Мы все понимаем только в частностях, смысл же целого от нас скрыт. Проследить, откуда именно произошло это странное явление, что наилучшим образом посаженное дерево приносит столь горький плод, — мы не в силах. Одно несомненно для нас — что в европейской цивилизации есть какое-то странное искривление, что, будучи столь правильной в частях, она заключает что-то ложное в своем целом, — и то, над чем трудилось столько поколений и с такими надеждами, вовсе не достигает цели, ради которой над ним трудились.
Очевидно, какое-то тонкое и глубокое зло, которое мы не в состоянии различить, анализировать и понять, вошло в целый строй европейской цивилизации, и для того, чтобы наука достигла когда-нибудь возможности оценить его, по-видимому, ей нужны гораздо более глубокие сведения о природе человеческой души и о строе исторического развития, нежели какими она обладает теперь. Мы же можем пока только чувствовать, что совершилось что-то похожее на древнюю историю о том, как некогда голодный сын старого отца променял свое первенство и связанные с ним обетования на чечевичную похлебку. Что-то невознаградимо дорогое, без чего невозможно жить, европейское человечество утратило, созидая свою цивилизацию, и томится, войдя в ее чудные формы.

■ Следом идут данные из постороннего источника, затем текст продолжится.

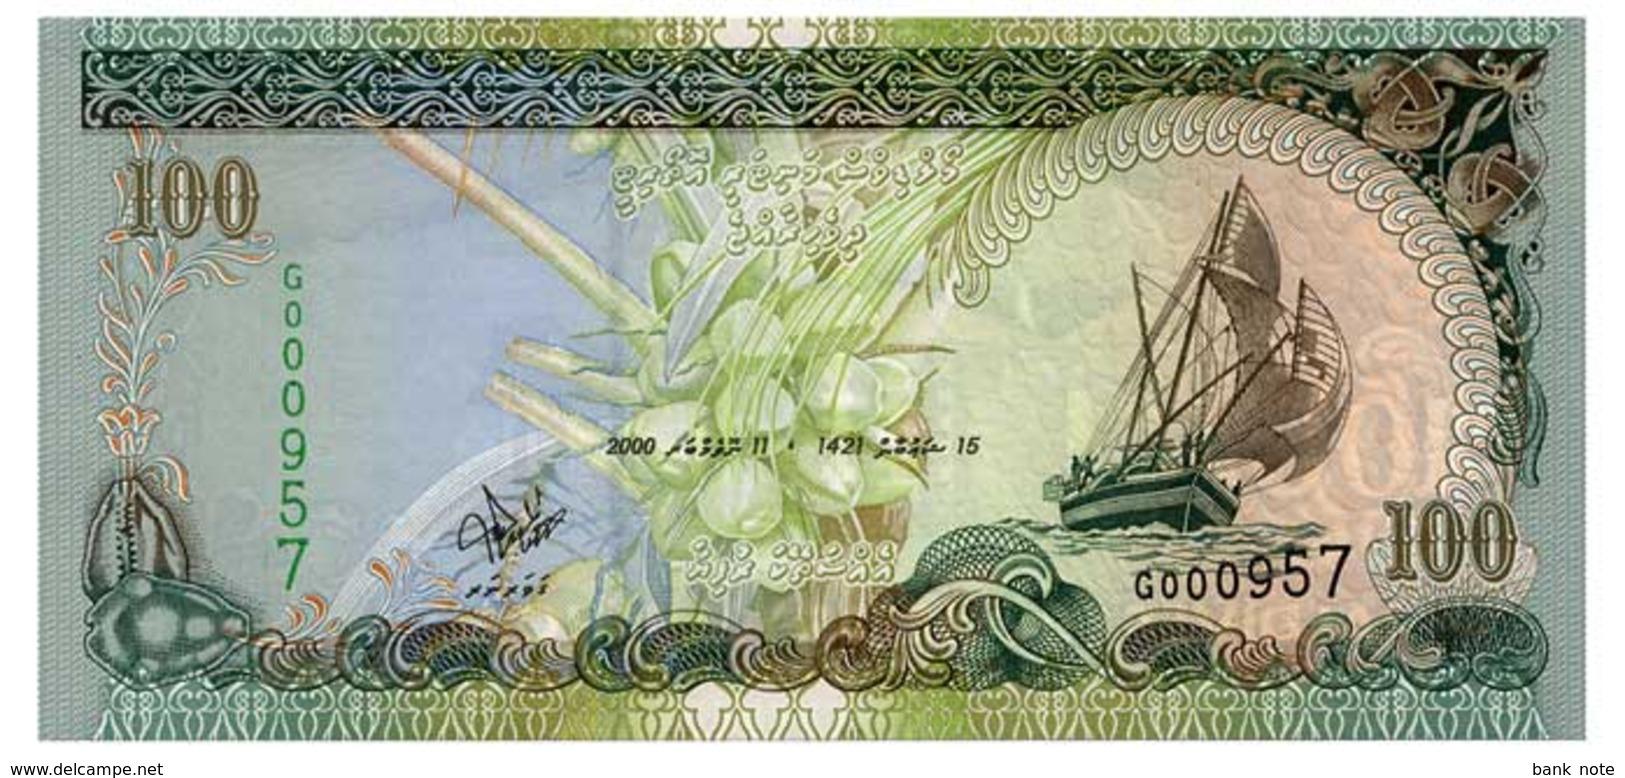 MALDIVES 100 RUFIYAA 2000 Pick 22 Unc - Maldives

Здесь именно и лежит разгадка наших особенных отношений к Западной Европе и причина возникновения двух великих партий, которые в течение целого столетия разделяют нашу литературу и наше общество на два враждующих лагеря. Не раз проводилась мысль, что значение этих партий уже минуло теперь, что никто более не может в настоящее время оставаться ни чистым западником, ни исключительным славянофилом. Напротив, мы думаем, что спор этот не кончен, и даже утверждаем, что значение его далеко переступает тесные границы национального и имеет всемирно-историческую важность. В подобном же отношении к западноевропейской цивилизации, в каком стоит и наш народ, стоит и длинный ряд других народов, но только у нас возник вопрос: следует ли, оставив пути самостоятельного развития, вступить на путь европейской цивилизации или удержаться от этого? Другие же народы вступают или готовятся вступить на этот путь, не задавшись вопросом, который так смущает нас. Ясно, что то или иное решение, которое мы вынесем для него, будет иметь значение и для всех других народов.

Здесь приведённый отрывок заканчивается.